Tuesday, June 8, 2010

Here we go!

We will be leaving in 5 days! Can't believe it is that close! Where has the time gone?? The last 4 months have consisted of work, work, work and getting ready for this wild adventure. We have saved and saved, bought gear, made mail drop lists, researched the trail, applied for all necessary permits, Chris sold his beloved jeep (I'm in the process of figuring out what to do with mine), applied for short-term insurance, gave resignations to our jobs and the hardest part...trying to convince all of our friends and family (esp. my family) that we have not completely lost our minds. The truth of the matter is - If we are going to do this, this is the right time. It feels right. This is what we want.

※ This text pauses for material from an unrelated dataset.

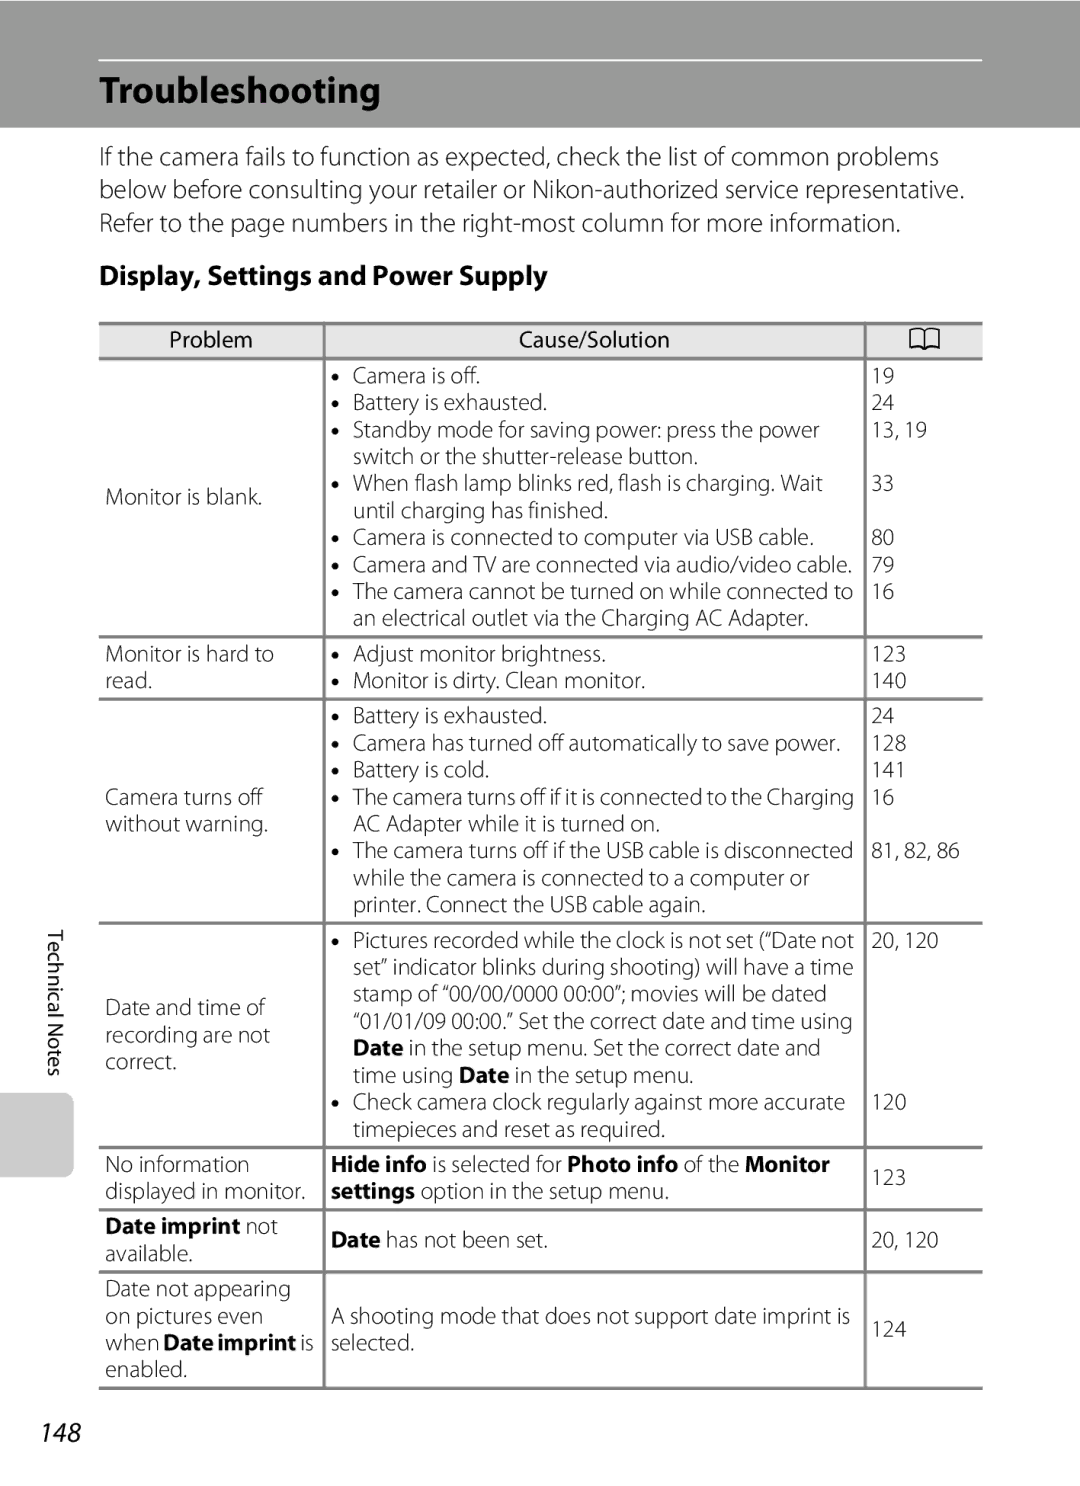 Nortel Networks S640 user manual Troubleshooting, Display, Settings and Power Supply, 148 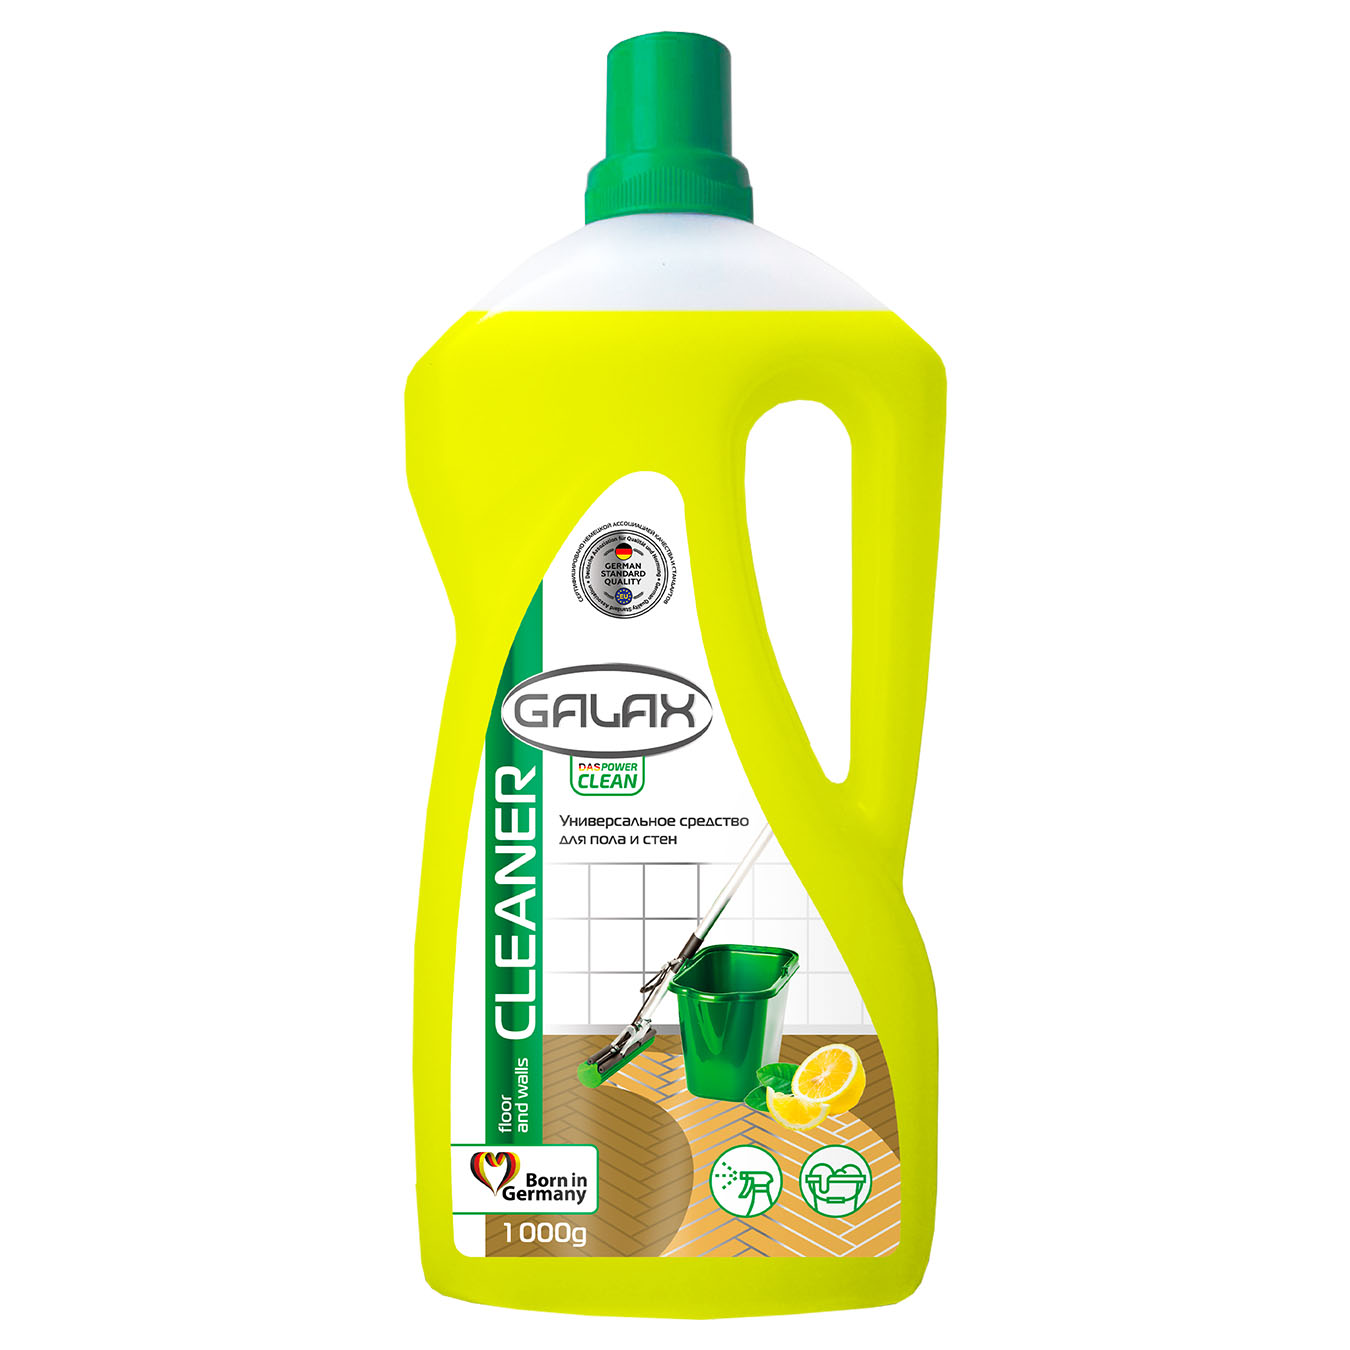 Galax das PowerClean universal detergent for floors and walls 1.1l

Chris has hiked the entire AT. Me, I have only endured one night of backpacking in the dead-cold of winter on a very snowy, 10 degree night in Groseclose, VA, with the disappointment of a torn down shelter when we made it to our destination (not to mention coke spilled on our tent and 1 million coyotes woke us up, very close by). Long story. But after that night, Chris laughingly said, "It doesn't get much worse than this." I'm confident that there will be times similar to this. Maybe worse. Who the heck knows? We can't control Mother Nature. We do know that we have changed our entire lives around for this adventure. No matter what happens, we have already learned a lot from this experience before we even depart. We have the most amazing families and the best friends anyone can ever ask for. Open-mind is ready. Body in shape. The love is strong. We are ready and can't wait to get out there!